The slaughterhouse is a dangerous workplace; the knife is the most important tool and workers are overworked. Occupational injuries such as lacerations, tendinitis, back problems, shoulder problems and carpal tunnel syndrome are common. There are also more catastrophic injuries, such as missing fingers, broken bones, deep lacerations and amputated limbs. This situation is exacerbated by the fact that some workers are pressured not to report injuries as the annual bonuses of foreman and supervisors are partly based on injury rates.
Social & Economic
In the United States, in order to meet the demands of fast food and supermarket chains, meatpacking companies have cut costs by cutting wages. This has created an industry that is dependent on a migrant industrial workforce working on low wages. Social problems that have arisen include the formation of ghettos, crime, poverty, homelessness and drug abuse.
Feedlots leave virtually no room for animals to roam; they eat grain from concrete troughs. The grain fattens the animal quickly. The process of fattening the animal produces a significant amount of waste (urine and manure) which is merely dumped into pits called “lagoons”. Animals housed in feedlots are raised in an environment that does not resemble their natural habitat; they get little exercise; live amongst manure; and feed on dirty food and water. The industrialized nature of meat production has little regard for the welfare of animals and animals are treated as a capitalistic commodity.

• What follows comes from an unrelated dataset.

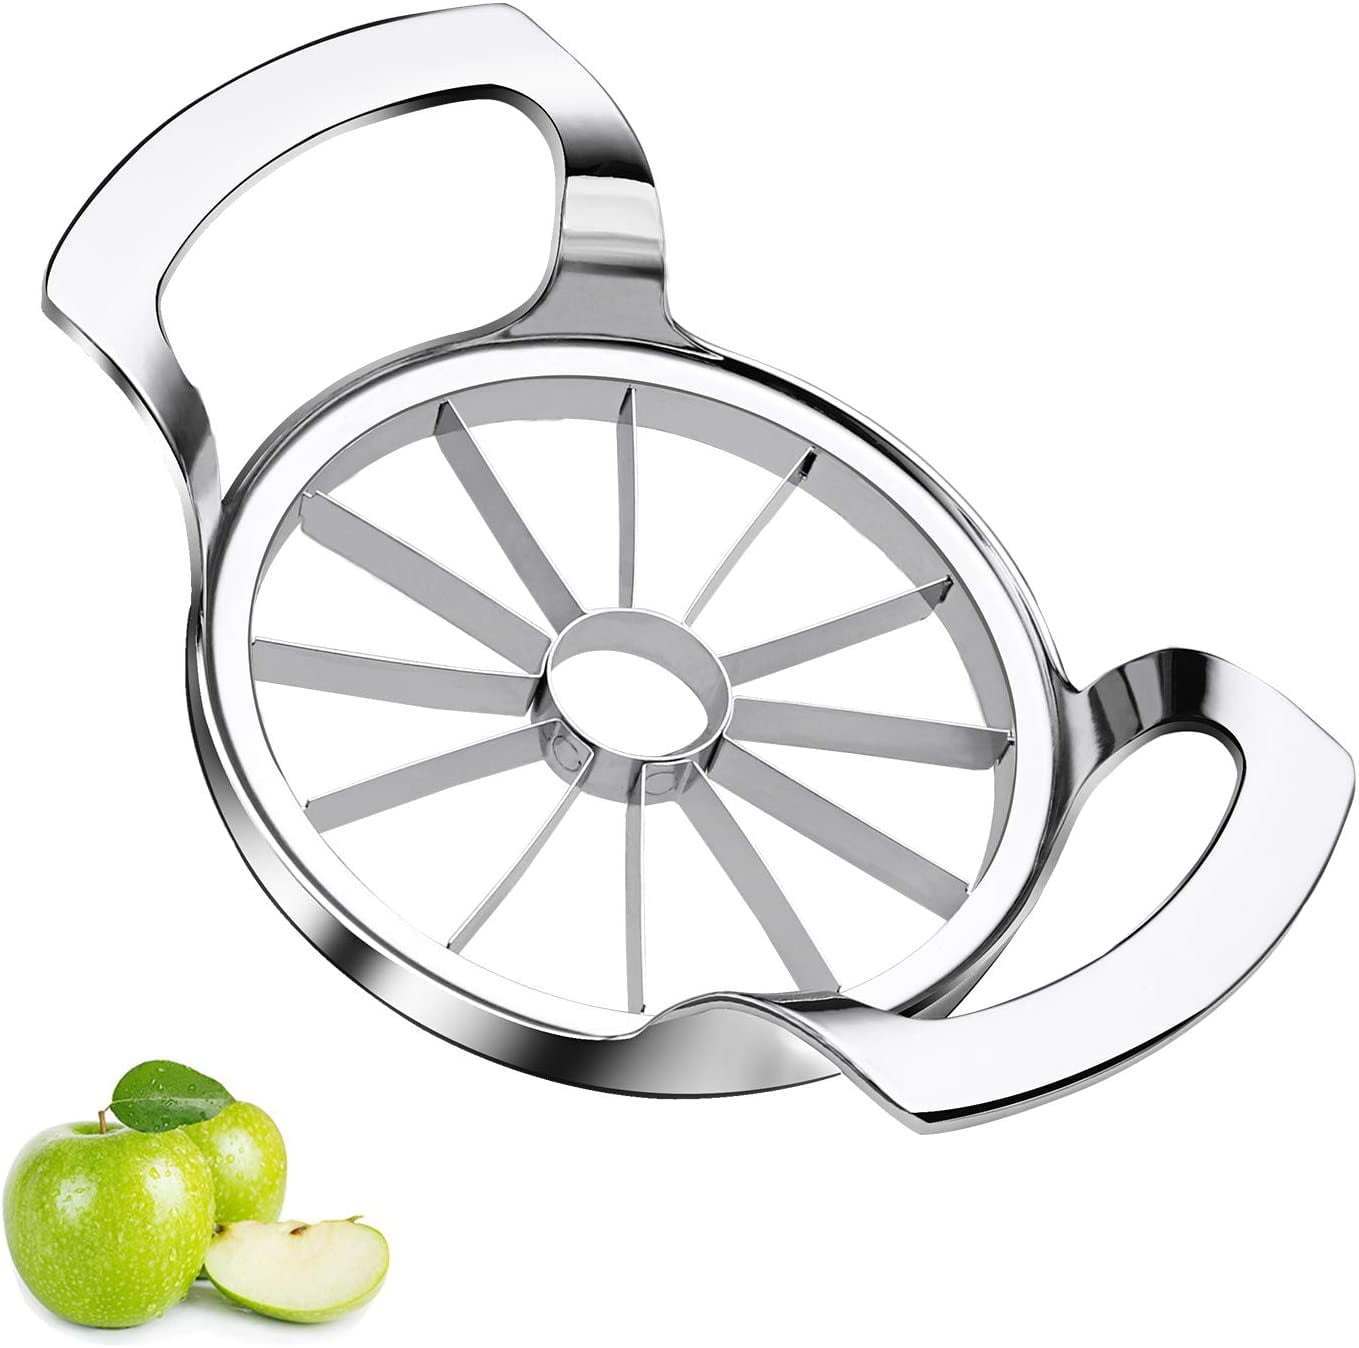 3 in 1 Peeler Slicer Corer with Stainless Steel and Strong Heavy Suction Base for Apple Potato Pear,2 Extra Blades 10 pcs Forks Apple Peeler Blue 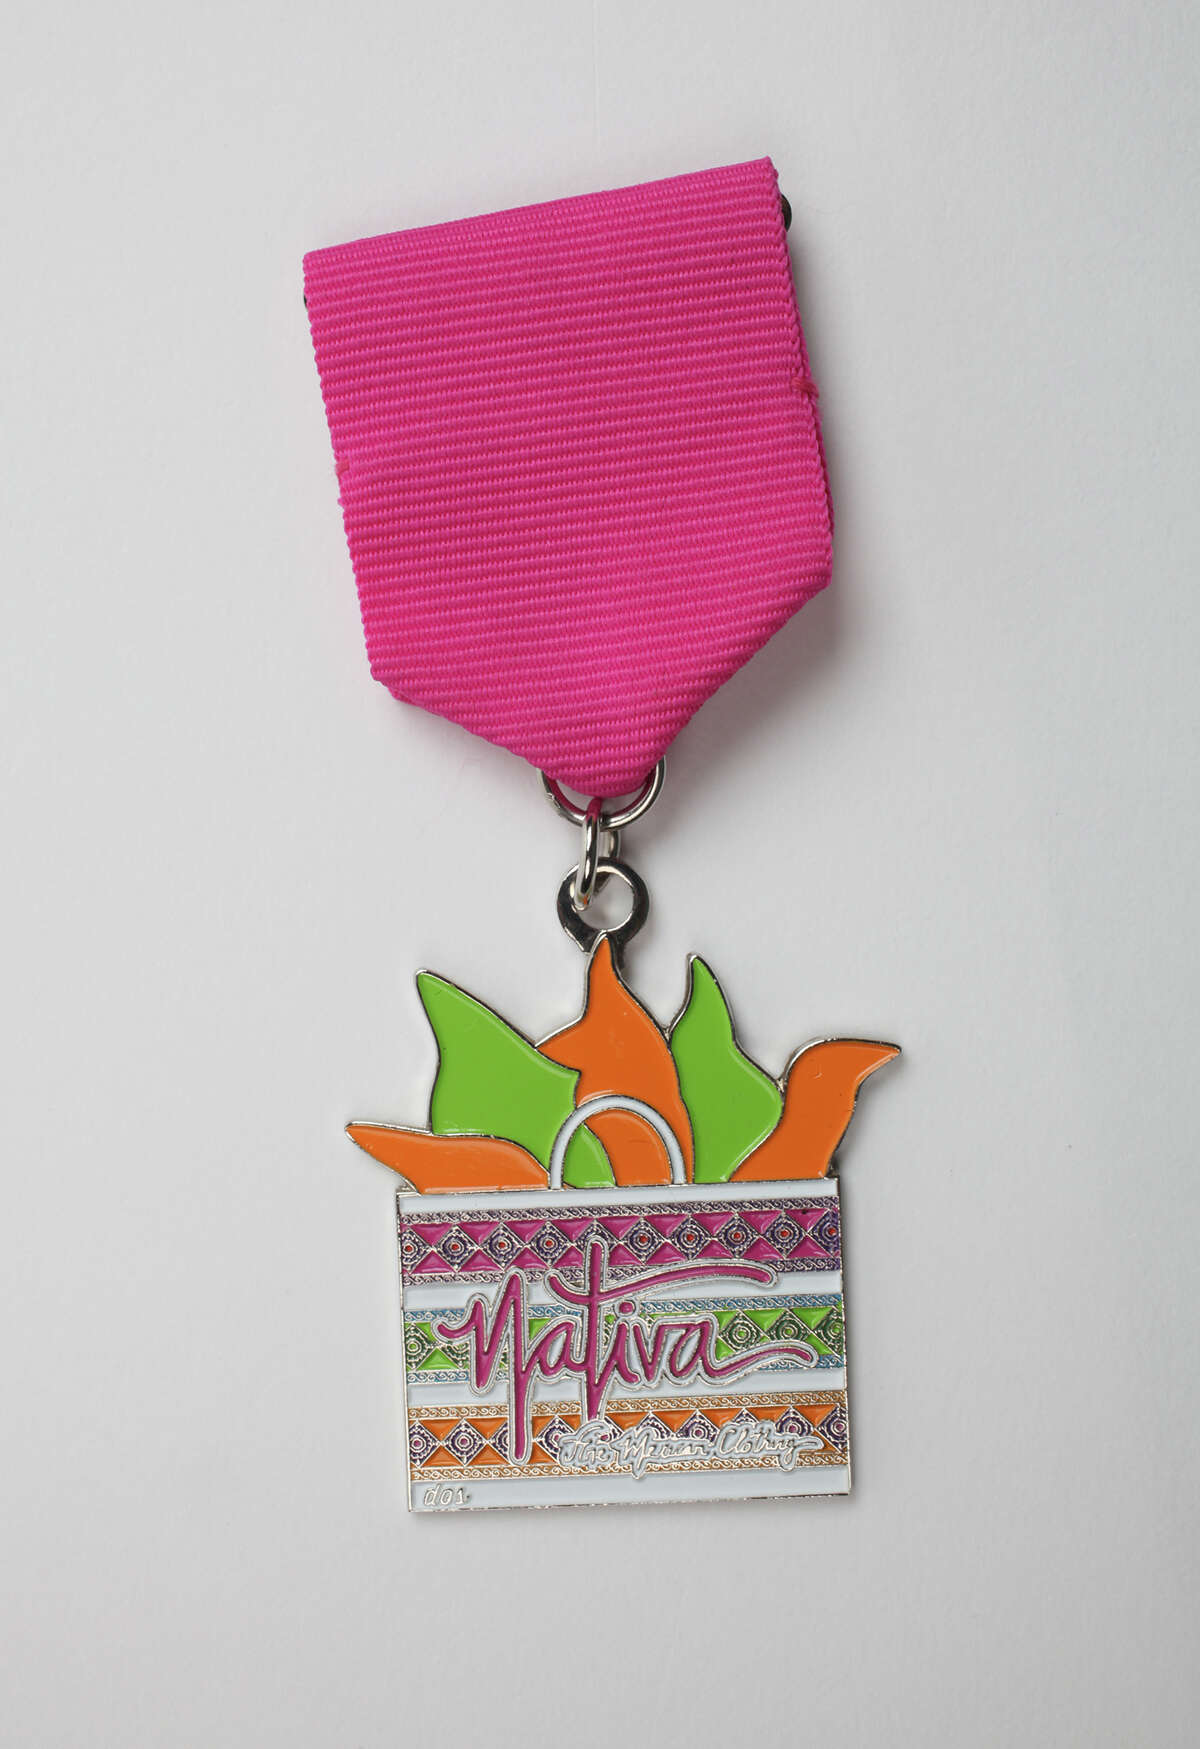 Small business. Runner-up: Nativa Fine Mexican Clothing medal, limited quantities, free with a purchase of $150 more

Inefficient use of resources
Significantly more energy is needed to obtain nutrients from animal sources compared to plant sources. Considerable energy is expended on housing, transporting and slaughtering animals; transporting and processing feed grains; and transporting and processing meat. In addition, obtaining meat from animals uses considerably more cropland, water, fertiliser and pesticides than plants.
Potential Advantages of In vitro Meat
Cultured meat has the potential to be healthier, safer and more environmentally friendly than conventional meat.
- Fat content can be controlled and modified in a way that favours the ratio of poly-unsaturated fats (good fats associated with lowering blood cholesterol) to saturated fats (bad fats associated with heart disease).
- Significant reduction in foodbourne diseases due to the strict quality control rules which are easier to implement and monitor in a controlled environment compared to an animal farm, slaughterhouse or meatpacking plant.
- More efficient use of energy, land and water compared to conventional meat production
- Reduction in waste produced i.e. no need to grow inedible parts of animals such as bones
- Reduction in green house gas emissions
- Reduction in human exposure to pesticides, arsenic, dioxins and hormones associated with conventional meat
- Reduction in the number of animals used. In theory, a single animal can produce the world’s meat supply;
- No animals are killed or harmed – it is possible to extract a muscle biopsy and culture the isolated cells.
From concept to commercial reality
Cultured meat is not yet available commercially. It will probably be some time before it is commercially available as the technologies needed to produce cultured meat are still in development. The cost of producing cultured meat is unclear, but it has been estimated to cost $5 million based on the use of current technologies and production on a small scale. So right now cultured meat is not commercially viable – this was initially the case with technologies like the internet and freeze-dried foods. Through extensive research and development, the cost of producing products and technologies, such as the internet, were reduced in several orders of magnitude and this made mass production possible – this could also be the case for cultured meat.